[Records shown]

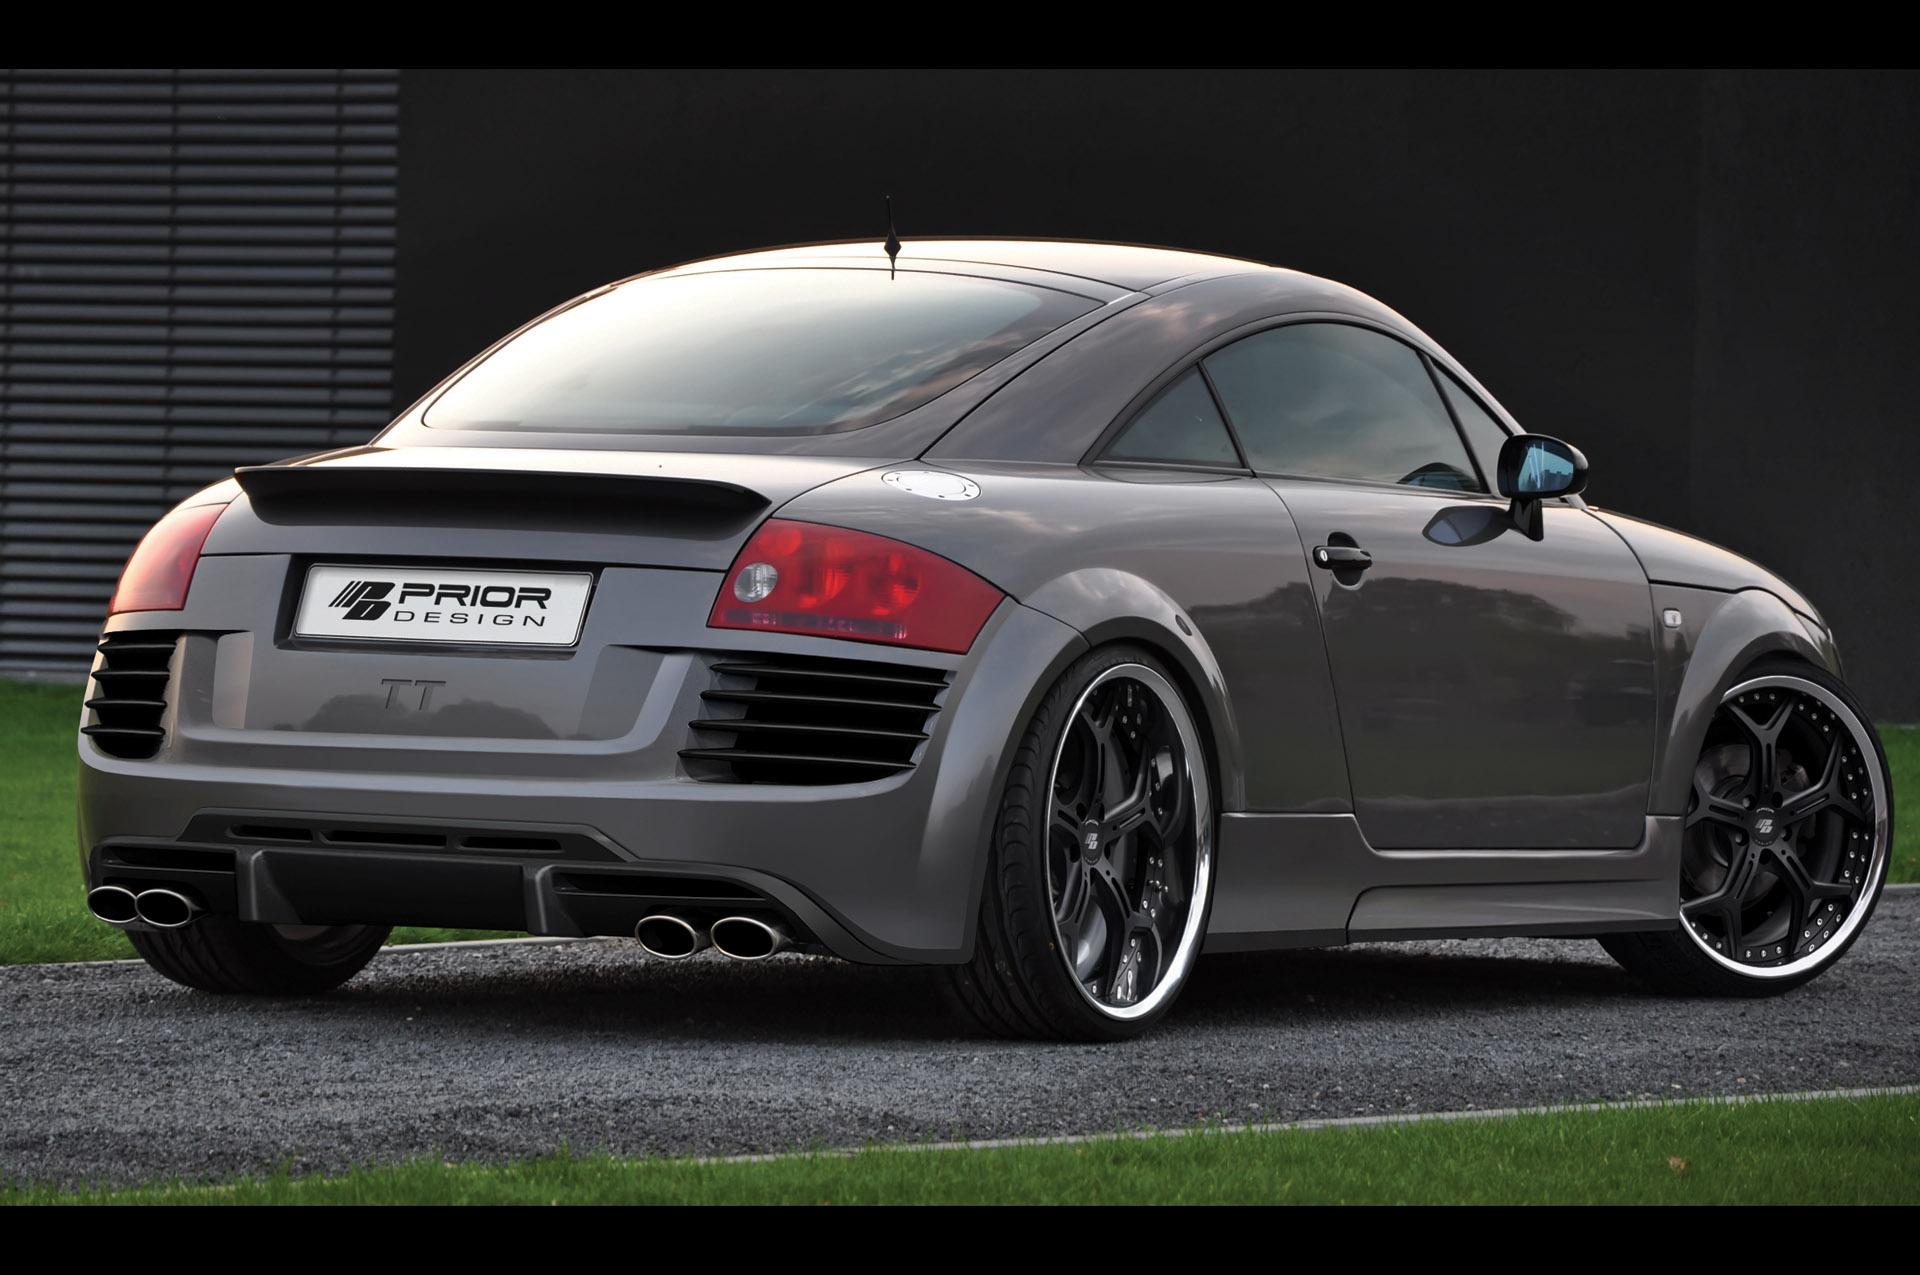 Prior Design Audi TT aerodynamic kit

[/Records shown]
[Records shown]

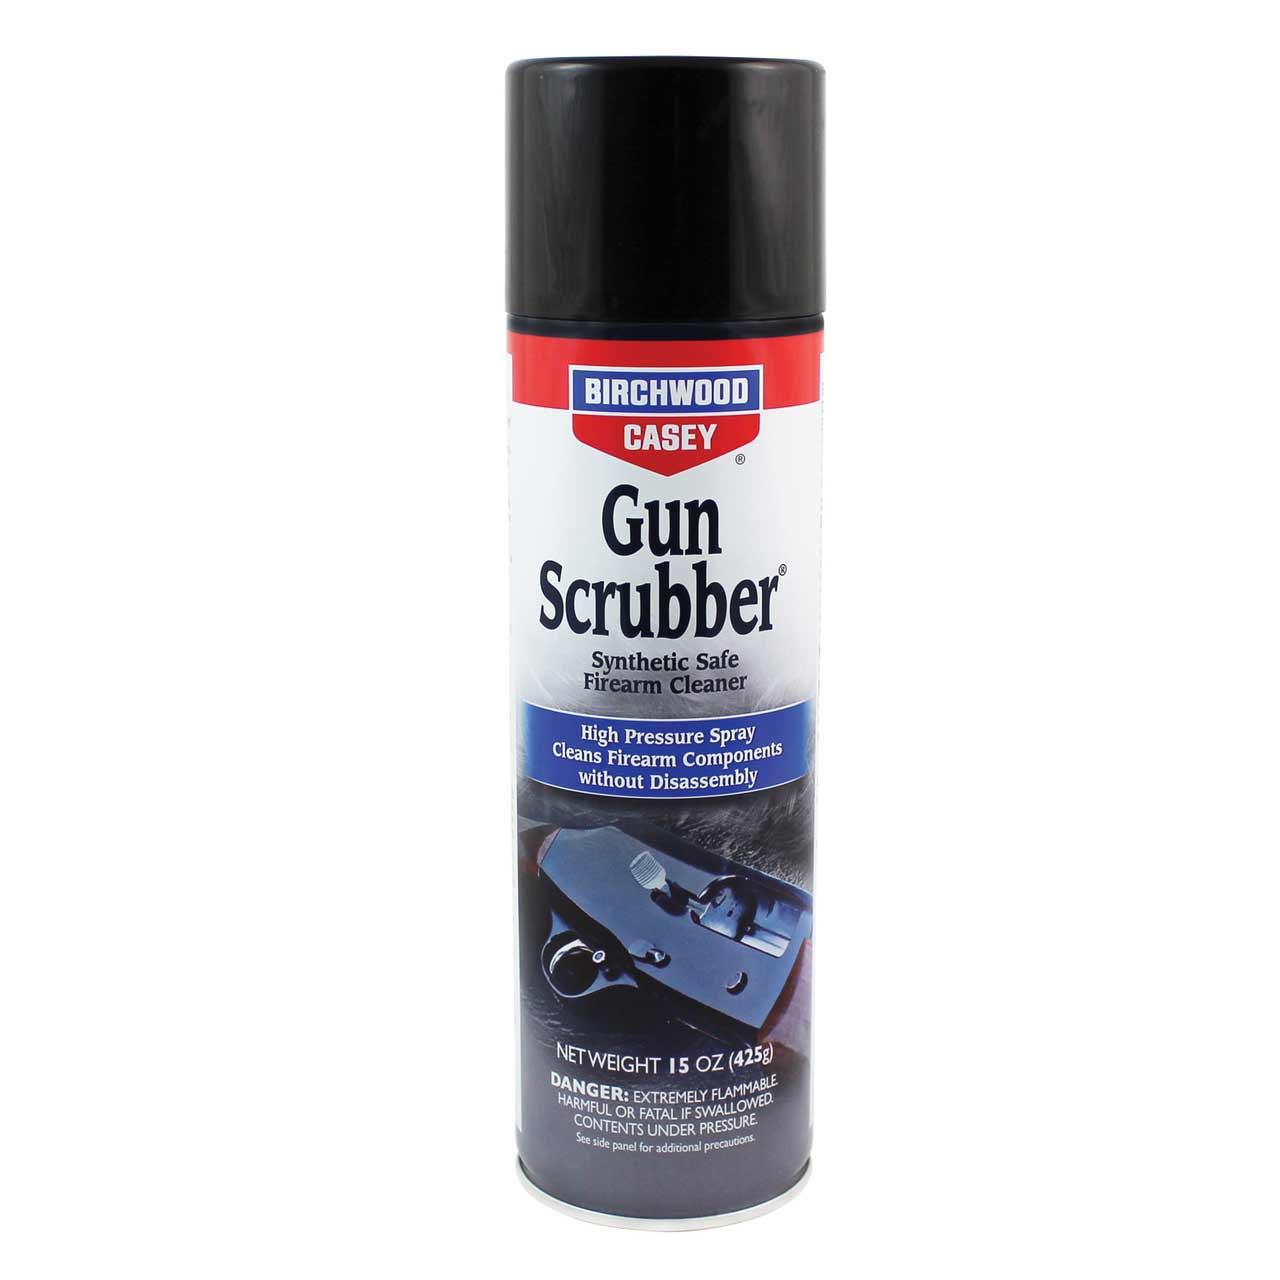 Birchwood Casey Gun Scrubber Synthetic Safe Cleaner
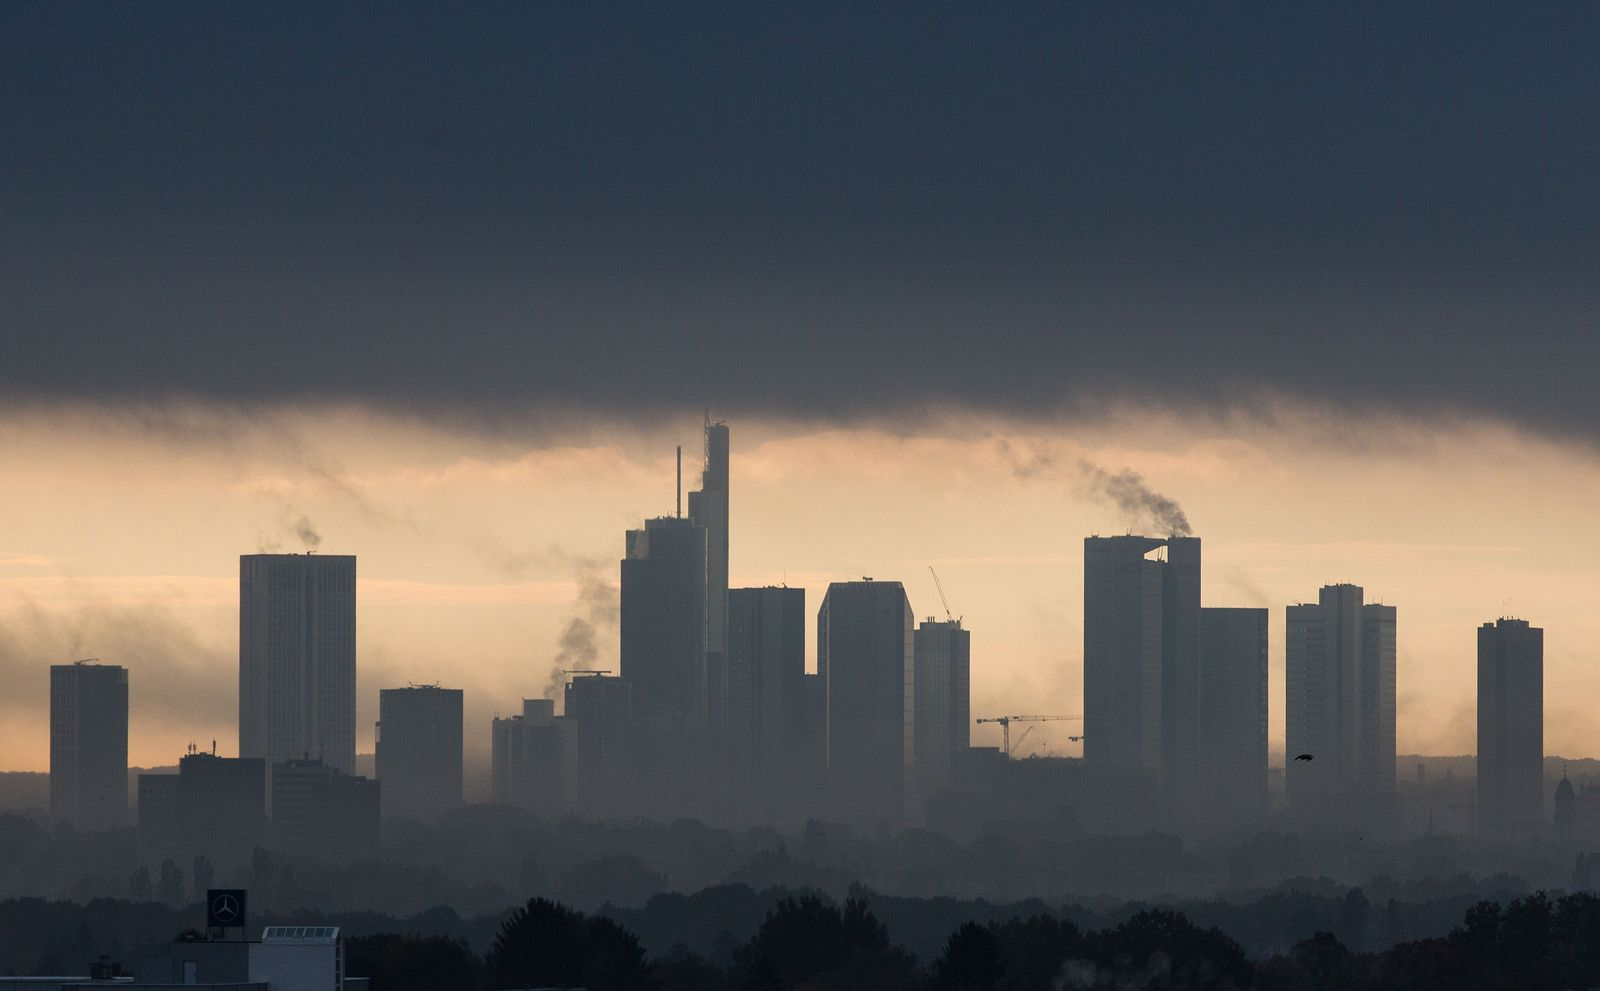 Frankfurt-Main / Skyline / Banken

[/Records shown]

> _Description of the task_
Within the data above, repeat exactly the lines from the one bearing "Birchwood Casey Gun" through the one bearing "Frankfurt-Main / Skyline / Banken". Include no pictures and nothing else.

> _Expected output_
 Birchwood Casey Gun Scrubber Synthetic Safe Cleaner
 Frankfurt-Main / Skyline / Banken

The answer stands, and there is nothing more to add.